• _Exercise prompt_
Each line below from the line with "ビデオ通話エッチ JOI ゆり 【縦動画】 画像5" to the line with "Комплект белья ЭГО" must be copied exactly, including those two, and no picture may appear in the copy.

• _Supplied data_
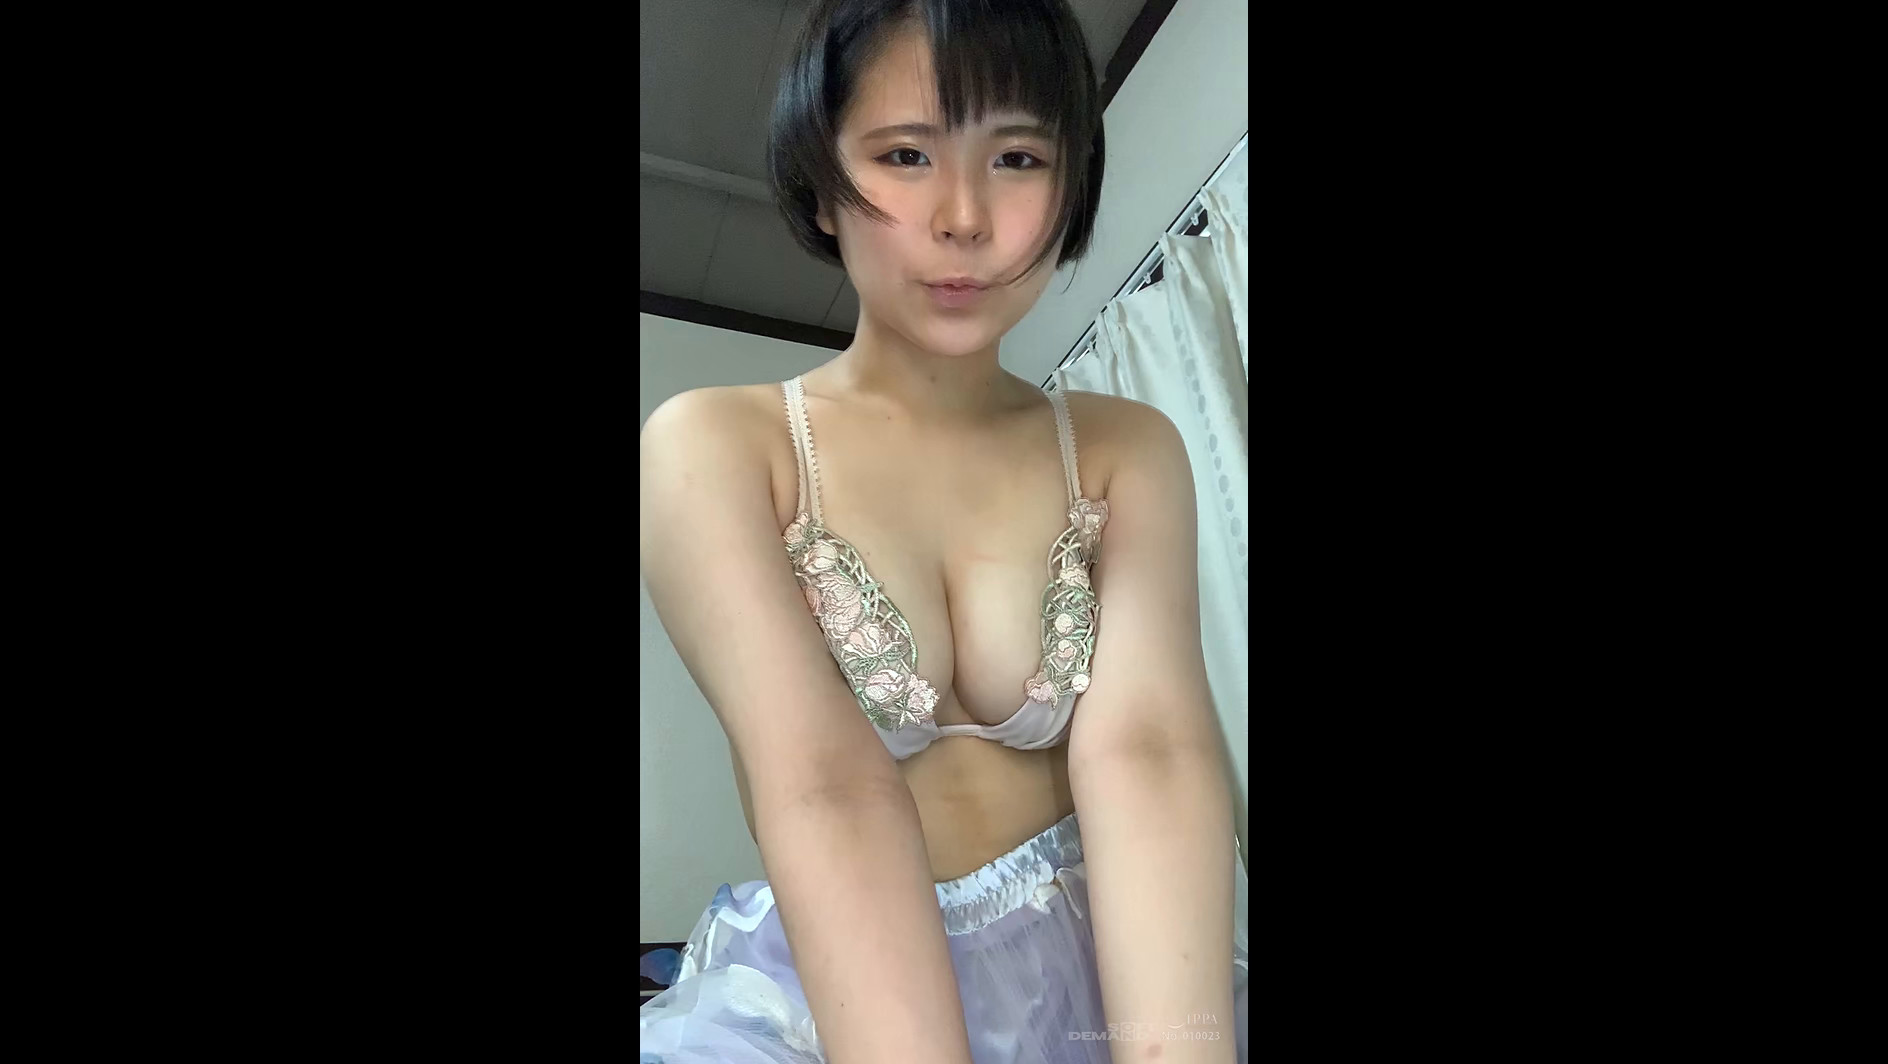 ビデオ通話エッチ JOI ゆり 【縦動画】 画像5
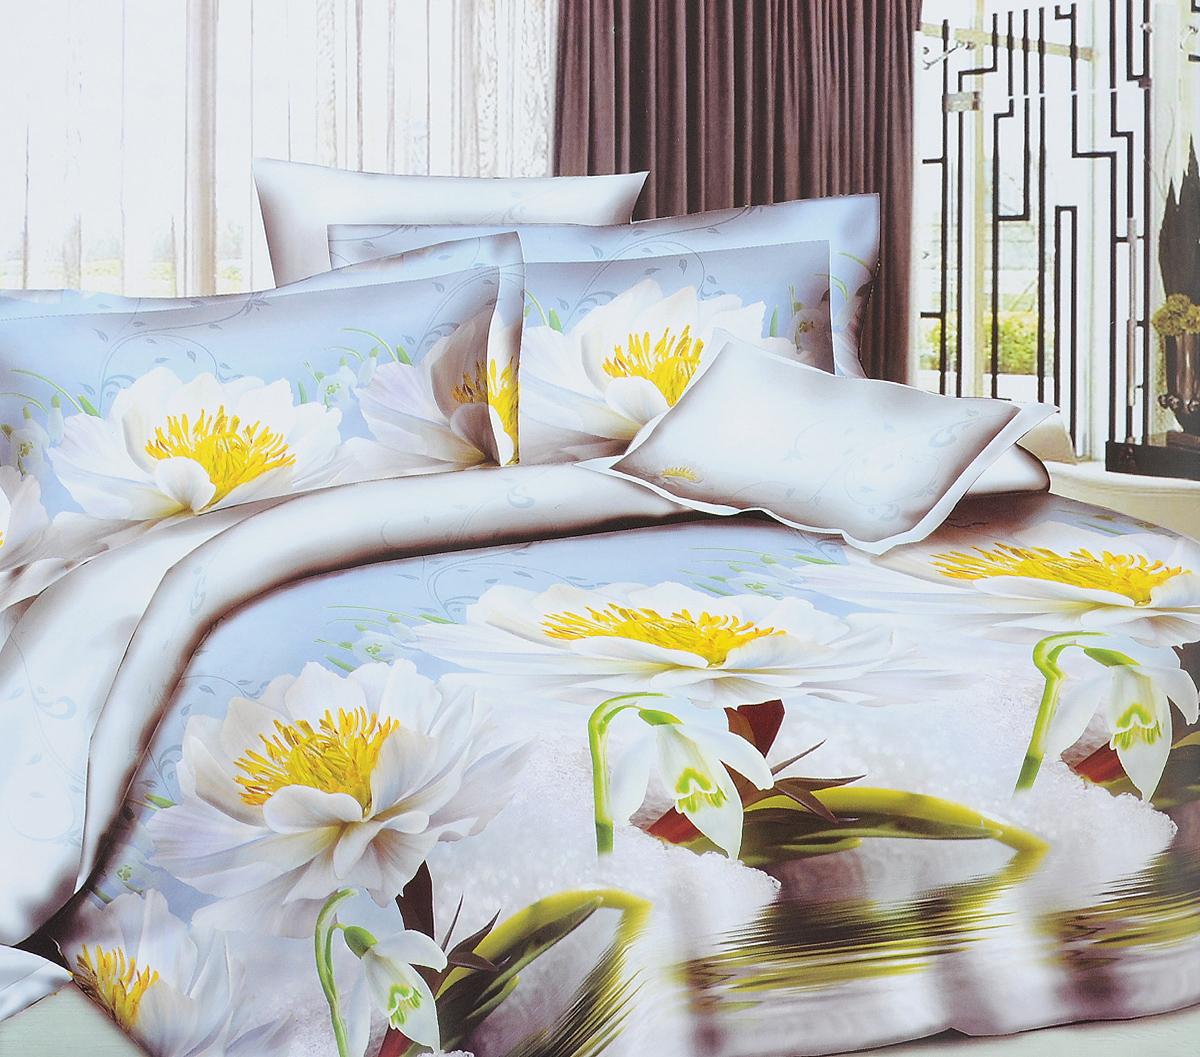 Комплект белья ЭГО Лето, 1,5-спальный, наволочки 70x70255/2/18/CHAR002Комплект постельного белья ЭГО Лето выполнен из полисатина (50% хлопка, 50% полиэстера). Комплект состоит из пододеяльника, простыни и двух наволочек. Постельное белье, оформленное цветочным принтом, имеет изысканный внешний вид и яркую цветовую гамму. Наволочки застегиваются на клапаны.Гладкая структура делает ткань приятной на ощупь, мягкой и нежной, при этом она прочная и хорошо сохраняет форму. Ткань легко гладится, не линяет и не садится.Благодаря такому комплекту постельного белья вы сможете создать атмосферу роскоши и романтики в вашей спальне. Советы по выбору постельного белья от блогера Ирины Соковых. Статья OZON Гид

==

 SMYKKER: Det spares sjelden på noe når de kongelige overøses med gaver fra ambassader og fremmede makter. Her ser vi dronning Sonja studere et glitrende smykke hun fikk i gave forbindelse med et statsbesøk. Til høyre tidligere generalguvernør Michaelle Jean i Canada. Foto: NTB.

==

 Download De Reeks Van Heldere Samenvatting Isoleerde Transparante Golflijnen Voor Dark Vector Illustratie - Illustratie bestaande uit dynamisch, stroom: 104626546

• _Solution to this problem_
 ビデオ通話エッチ JOI ゆり 【縦動画】 画像5
 Комплект белья ЭГО Лето, 1,5-спальный, наволочки 70x70255/2/18/CHAR002Комплект постельного белья ЭГО Лето выполнен из полисатина (50% хлопка, 50% полиэстера). Комплект состоит из пододеяльника, простыни и двух наволочек. Постельное белье, оформленное цветочным принтом, имеет изысканный внешний вид и яркую цветовую гамму. Наволочки застегиваются на клапаны.Гладкая структура делает ткань приятной на ощупь, мягкой и нежной, при этом она прочная и хорошо сохраняет форму. Ткань легко гладится, не линяет и не садится.Благодаря такому комплекту постельного белья вы сможете создать атмосферу роскоши и романтики в вашей спальне. Советы по выбору постельного белья от блогера Ирины Соковых. Статья OZON Гид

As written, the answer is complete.